Aug 2016 was an eventful month for us in many ways. This month saw us make the decision to unschool Aarav and also the time when we dreamt about a road trip around
India for the first time. Jumping across to Oct 2016, Aarav decided to participate in the Karnataka State Chess Championship tournament. The tournament was spread
across 3 days and the matches ran across the day. Since the tournament was held in a school that was quite far from where we stayed, the only thing we could do was
to wait out in the school grounds until Aarav was done with his games. We saw this as an opportunity and here’s what we carried:

1. A flask full of coffee
2. An India map
3. An outdoor sitting mat

We chose a nice spot and got down to business. We hatched the plan to drive across India in our car for 52 days (which turned into 60 days). We discussed the route, places to spend time v/s places to just pit stop, events to attend, budget, et al. These 3 days saw our dream translate to a plan and boy, were we excited! It was Nov 1st and with the skeleton of the plan in place, we decided to start our journey on Dec 1st which gave us 30 days to detail the plan and get us road ready.

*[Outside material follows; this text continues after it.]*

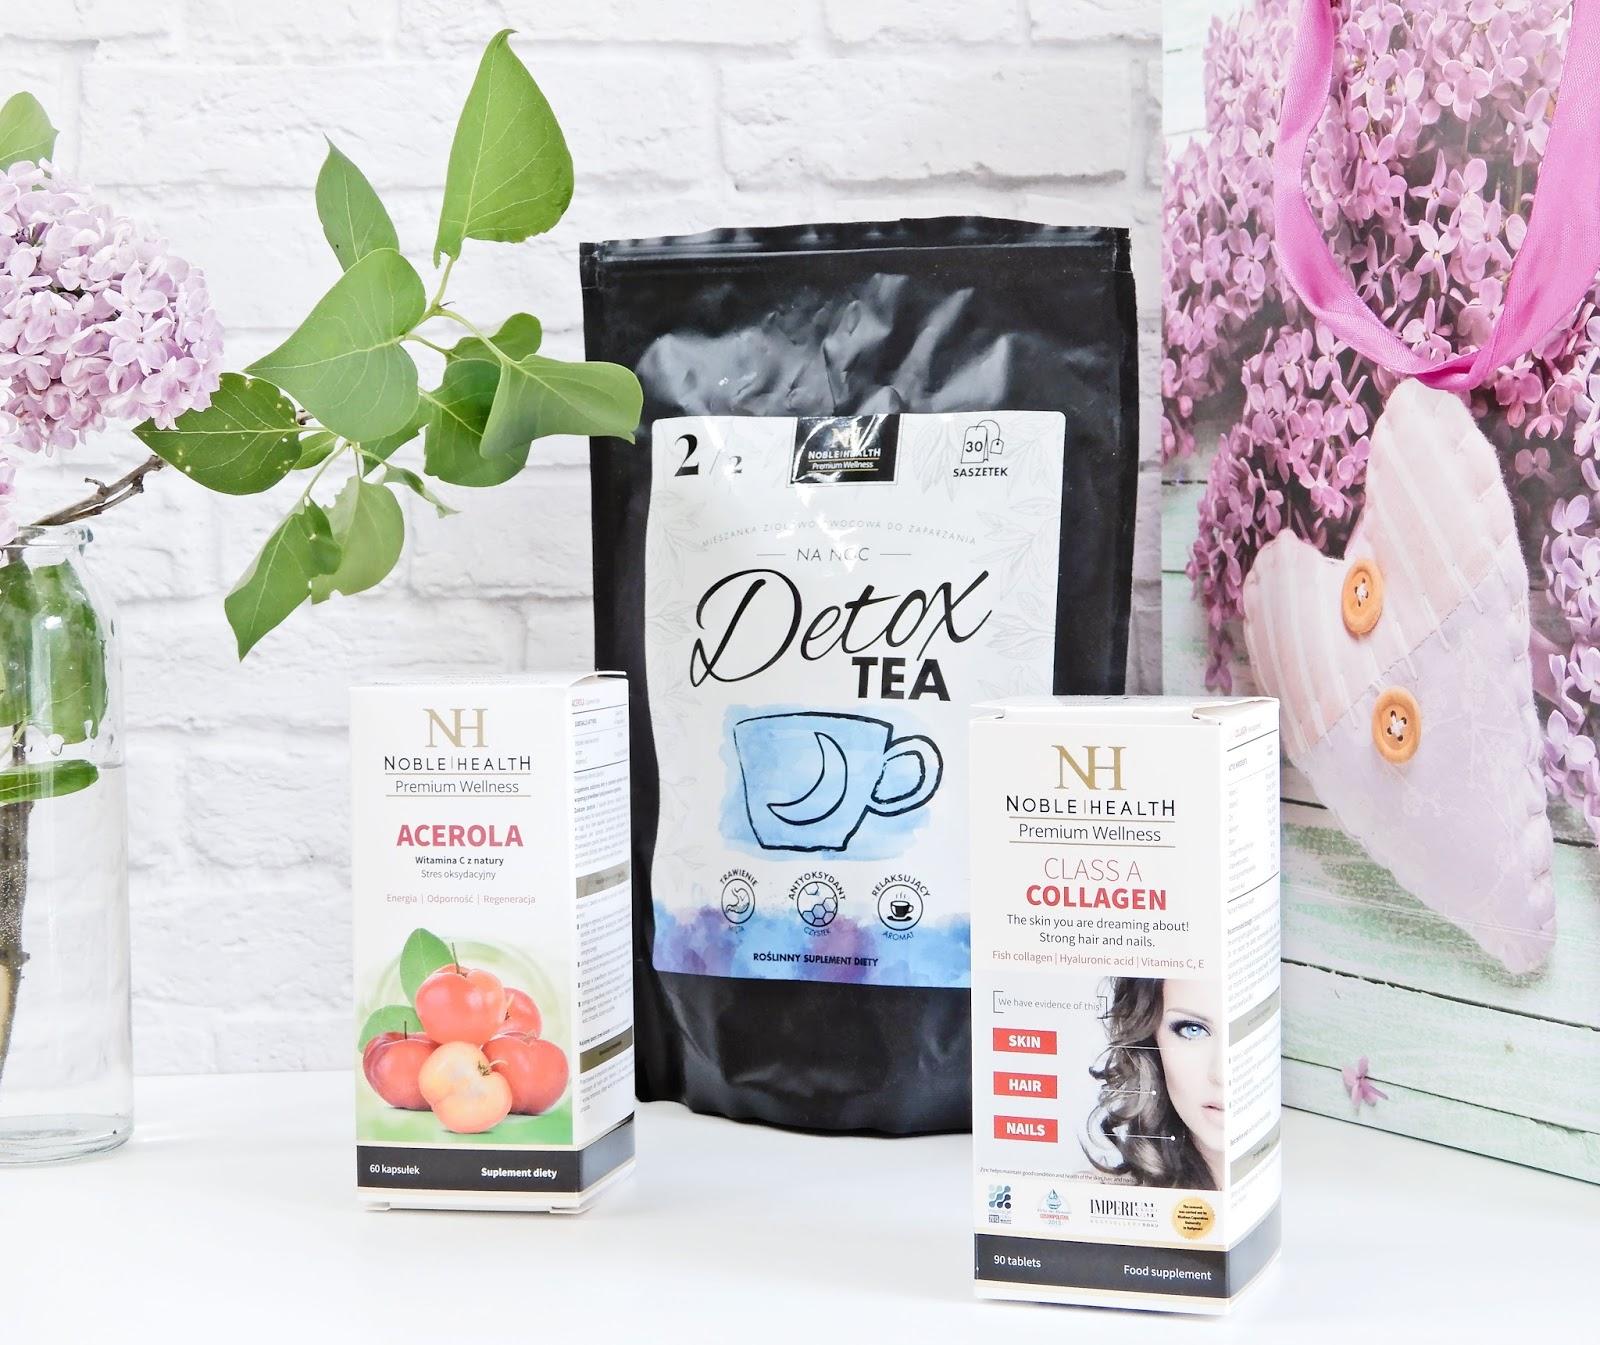 Noble Helth herbatka Detox, Noble Helth  tabletki wzmacniające skórę włosy i paznokcie CLASS A COLLAGEN, Noble Helth suplement diety Acerola, Noble Helth,

We divided responsibilities amongst us and got cracking. We soon realized that fixing accommodations upfront is limiting to the whole ‘free travel’ approach. We could be making changes to our route or days hence, we kept the route and accommodation fluid. To help us with packing, we pasted A4 sheets on our bedroom cupboard doors with headings so that we could keep listing down things we would need on the road as and when they come to our mind. In a couple of days, these sheets were filled up!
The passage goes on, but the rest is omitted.